Way back in April 2016, I wrote:
Many non-scientists have a great interest in heritability, but lack the science education and/or cognitive ability to understand modern techniques like Genome-wide Complex Trait Analysis (GCTA), so this post is a quick attempt to explain it. Full Disclosure: I have virtually no formal science training beyond high school but this is just an oversimplified explanation.
GCTA gives a measure of the squared correlation between additive genotype and phenotype. The reason it’s so confusing is that you can’t directly correlate a phenotype with a genotype if you haven’t found the genes that code for that phenotype, and thus you can’t determine if someone is genetically high on a given trait.
So for example, you can’t determine if someone’s genetic IQ matches their actual IQ, if you don’t know if they have the genes for IQ. Since a correlation, by definition, is how close the rank order of two variables (i.e. genetic IQ and actual IQ) agree, it can’t be directly calculated if one of said variables (i.e. genetic IQ) can’t be ranked. It would be like trying to calculate the correlation between height and weight, but all the weights were reported in a language you didn’t speak.
To sidestep this problem, GCTA was invented by a scientist of East Asian heritage. In GCTA, instead of ranking everyone in your sample from highest to lowest on each trait, you simply randomly assign people to pairs, and for each pair, calculate the genetic distance and the phenotype distance. So for example, if the people who differ by 100 single nucleotide polymorphisms (SNPs), on average, differ by one standard deviation in IQ, and if people who differ by one standard deviation in IQ differ, on average, by 39 SNPs, then perhaps it can be inferred that (in this sample) the correlation between genetic IQ and actual IQ is whatever number when squared and multiplied by 100, equals 39.
That number is 0.62
This is because in a bivariate normal distribution, the slope of the standardized regression line equals the correlation between two variables, so if a genetic difference of 100 SNPs regresses to a one standard deviation difference in IQ, then one standard deviation must be only 62% as extreme as 100 SNPs and if a one standard deviation difference in IQ regresses to a 39 SNP difference, then 39 must be only 62% as extreme as one standard deviation.

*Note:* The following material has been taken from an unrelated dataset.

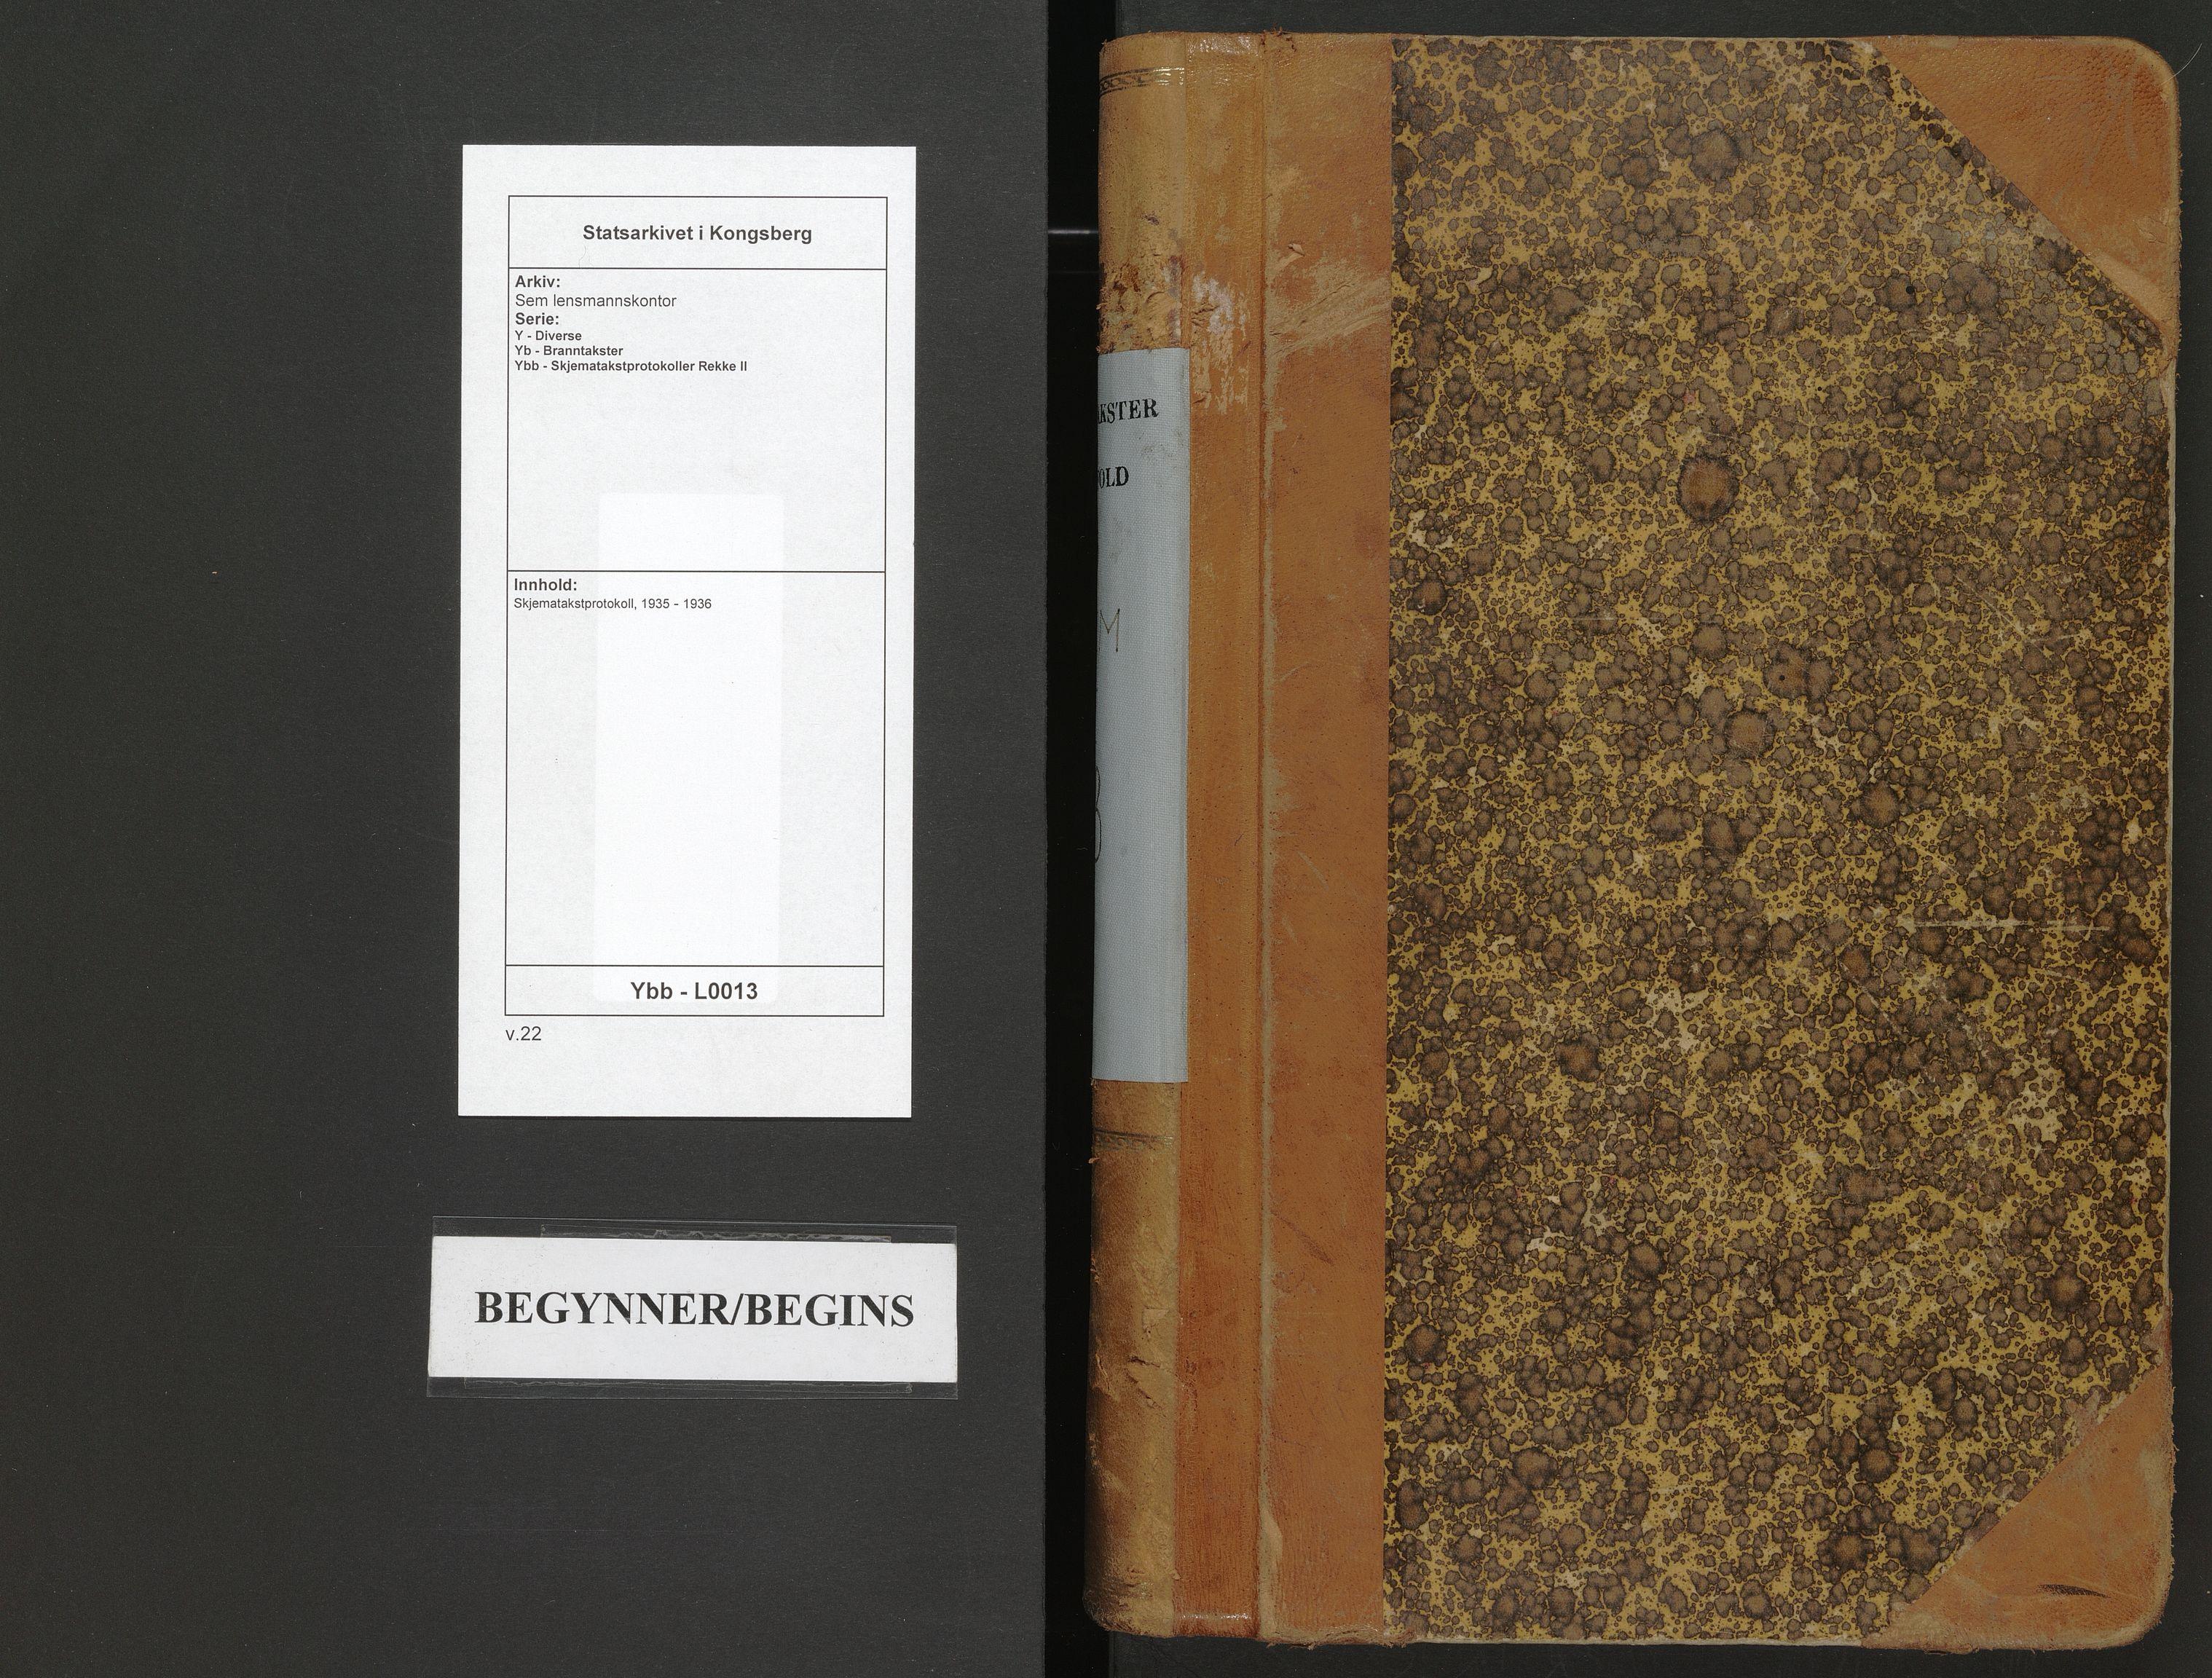 SAKO, Sem lensmannskontor, Y/Yb/Ybb/L0013: Skjematakstprotokoll, 1935-1936

Once we have the correlation of say 0.62 between additive genotype and phenotype , we square it to get the amount of variation explained which in this example would be 0.38 (the real number is probably much higher, and even higher still for broad-sense heritability).
Of course what very few people realize is that heritability is technically NOT the percentage of the phenotypic variation explained by genes, it’s the percentage explained by genes when environment is held constant or allowed to vary randomly.
Recently commenter Trumpocalypse (aka Mugabe), also commented on GCTA:
if it could be shown that the joint distribution, f, of some measure of genetic distance between individuals, d, and phenotypic difference, p, has a linear conditional mean (that is, f(d|p) is a straight line), then it would be possible to avoid all the problems of twin studies and the shared womb of twins…
the conditional mean could simply be extrapolated to d = 0. and from the mean difference, p, at d = 0, the heritability could be calculated easily.
furthermore the perfect-ness of the measure of genetic distance would be irrelevant. the joint probability density function would “include” this error. so with a large enough sample the extrapolation would have very little error.
this is essentially what GCTA is.
but whether the joint distribution is bivariate normal or some other distribution with linear conditional mean…i don’t know.
Here is some genetic distance data on nine major human populations:
According to Richard Lynn’s controversial meta-analysis of these nine genetic clusters, Africans average IQ 67, Non-European Caucasoids average 84, European Caucasoids average 99, Northeast Asians average 105, Arctic Northeast Asians average 91, Amerindians average 86, Southeast Asians average 87, Pacific Islanders average 85, and New Guineans and Australians average 62.
Although this is group data, not individual data, it would be interesting to compare group genetic distance to group IQ difference. If for example, I knew both the average IQ difference between two random humans from anywhere in the World, and if I also knew the Fst distance between two random individuals from anywhere in the World, I think I could probably use my crude understanding of GCTA, to estimate the IQ phenotype-genotype individual level correlation of the entire human species from Sforza’s and Lynn’s group level data. Squaring this correlation might be a good proxy for IQ’s Worldwide heritability.
On the other hand, the fact that Sforza intentionally tried to use non-selected genes to calculate genetic distance (since these mutate at a regular rate creating a reliable molecular clock for splitting off dates) might make the exercise pointless.